The latter notion is directly related to the question whether the differential memory performance for TBR and TBF items in item-method directed forgetting paradigm is solely due to differential encoding of TBR and TBF items or whether multiple mechanisms (e.g., operating at retrieval) underlie the effects of intentional forgetting (Johnson 1994; Zacks and Hasher 1994; Anderson and Neely 1996). The rationale for different encoding hypothesis comes from the notion that R and F instructions may serve as cues used by subjects to decide how to process the item during encoding. If the item is cued TBR, subjects engage in more elaborate encoding, but if it is cued TBF, subjects do no devote further encoding efforts. Inefficient encoding may subsequently result in forgetting. Thus, TBR items may be viewed as deeply encoded stimuli in contrast to shallowly encoded TBF items. Following this line of reasoning, Ullsperger et al. (2000) directly addressed this issue by comparing the ERPs for TBF and TBR words with the ERPs for shallowly and deeply encoded words. Both deeply and shallowly encoded stimuli elicited similar effects (i.e., the old/new effect) that differed only quantitatively, whereas TBR and TBF stimuli elicited significantly different ERP effects—the typical old/new effect for TBR items and absence of such effect in case of TBF items. Ullsperger et al. (2000) concluded that their results may suggest that differential encoding alone cannot account for the effects of directed forgetting, and they proposed that items followed by the F instruction become inhibited and less accessible and, therefore, more difficult to retrieve.
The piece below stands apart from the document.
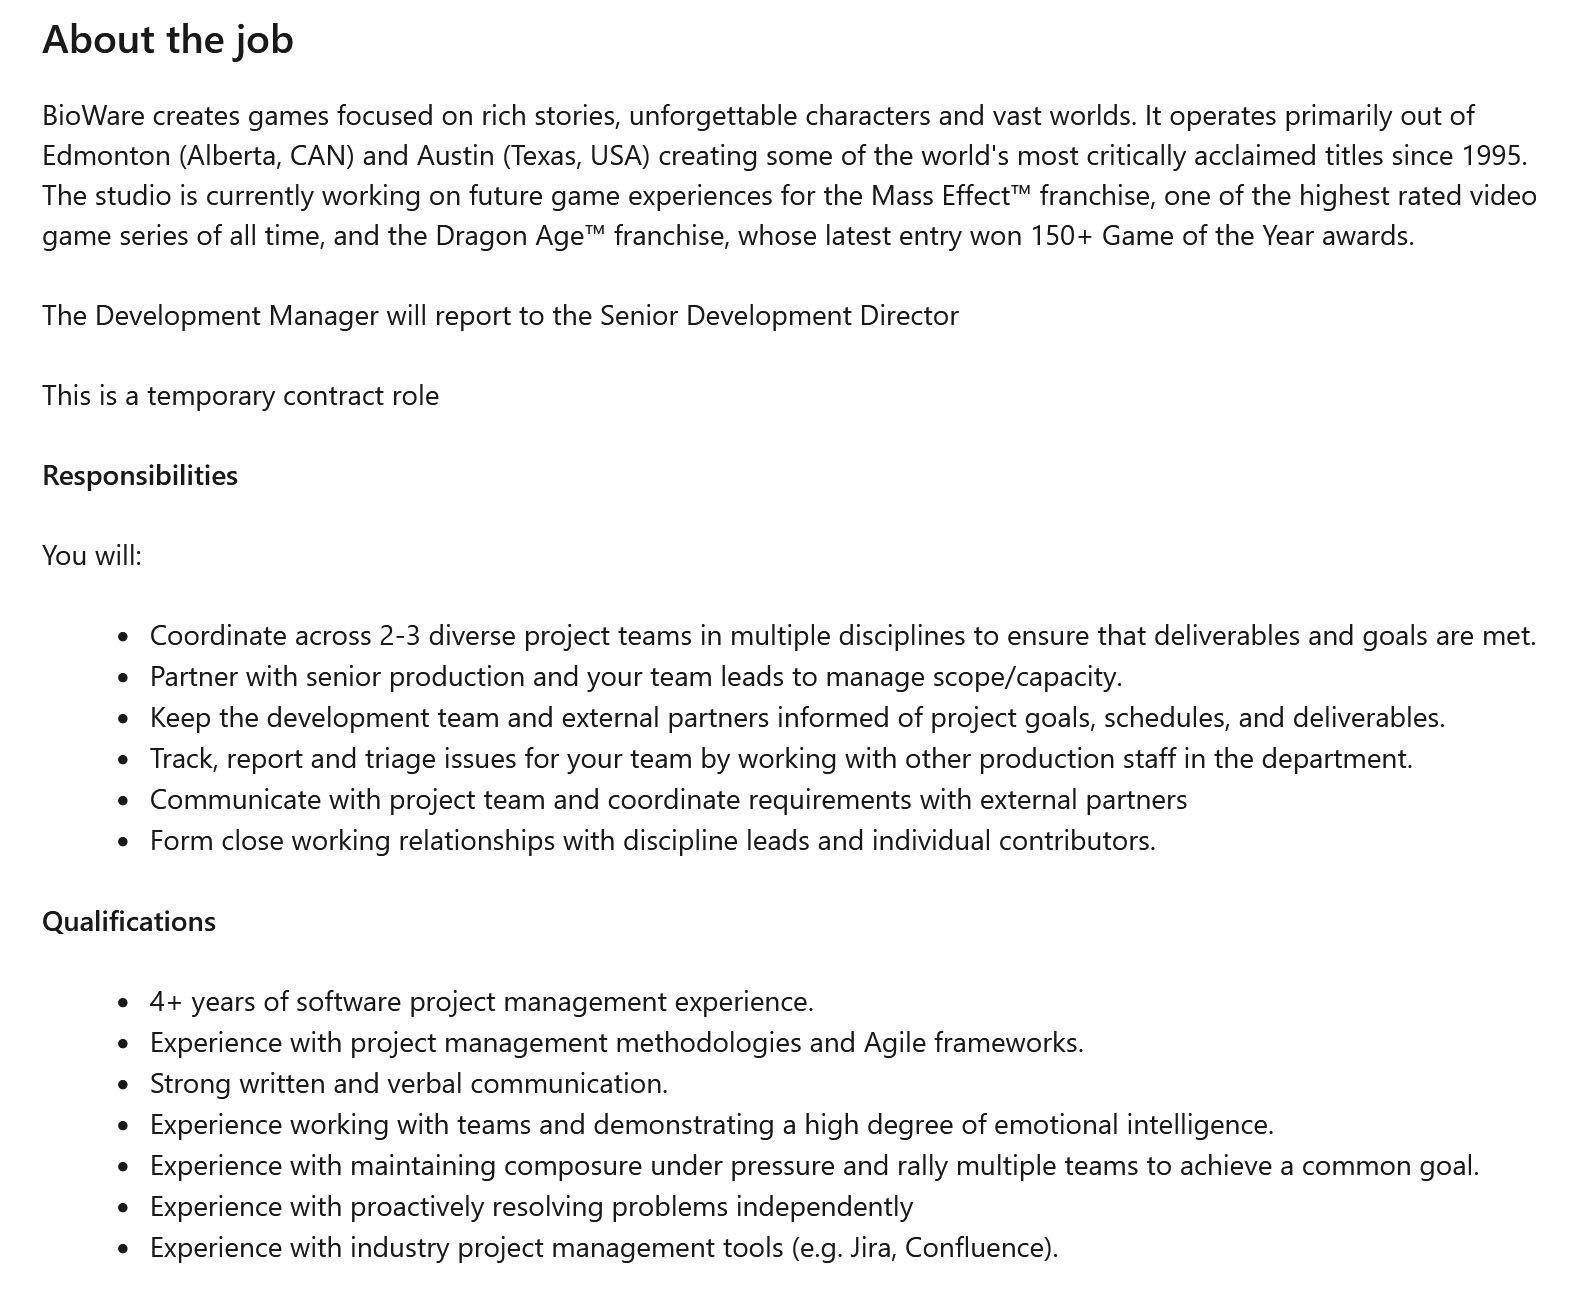 A screenshot for a job listing at BioWare, calling for a tempoary development manager.

In our study, inhibition triggered by an intention to forget emotionally negative IAPS images resulted in strong activation of a distributed neural network, extending from anterior to posterior brain regions. The involvement of frontal cortex in this network seems to be apparent. The frontal cortex hosts a rich variety of cognitive and affective functions and therefore constitutes an area in which attention, memory, and different emotional processes interact (Carretié et al. 2009). More specifically, prefrontal regions mediate inhibitory memory control as indicated by neuropsychological research showing that inhibitory deficits in memory are associated with dysfunction of prefrontal circuits (Shimamura 1994). Patients with frontal lobe injuries (especially in the right hemisphere) suffer impairments in intentionally initiating inhibitory memory processes (Conway and Fthenaki 2003). Regions within BA 6, associated with intention to forget in our study, receive multimodal inputs (Picard and Strick 2001) and are activated by visual selective attention (Kastner and Ungerleider 2000) and by cognitive tasks that demand updating in memory (Picard and Strick 2001). Moreover, Li et al. (2006) reported that more efficient response inhibition in a stop-signal task is associated with activations including BA 6 region. On the other hand, some studies (e.g., Mecklinger et al. 2009) reported a close resemblance between inhibitory control of unwanted memories and inhibitory control of prepotent motor responses (they were significantly correlated). Interestingly, in our study, frontal activations were present only for negative IAPS images and absent for neutral IAPS images. The lack of frontal activations observed for neutral stimuli may be a consequence of similar involvement of frontal regions in F and R trials, indicating, for instance, that monitoring functions may be active to the same extent in both types of trials.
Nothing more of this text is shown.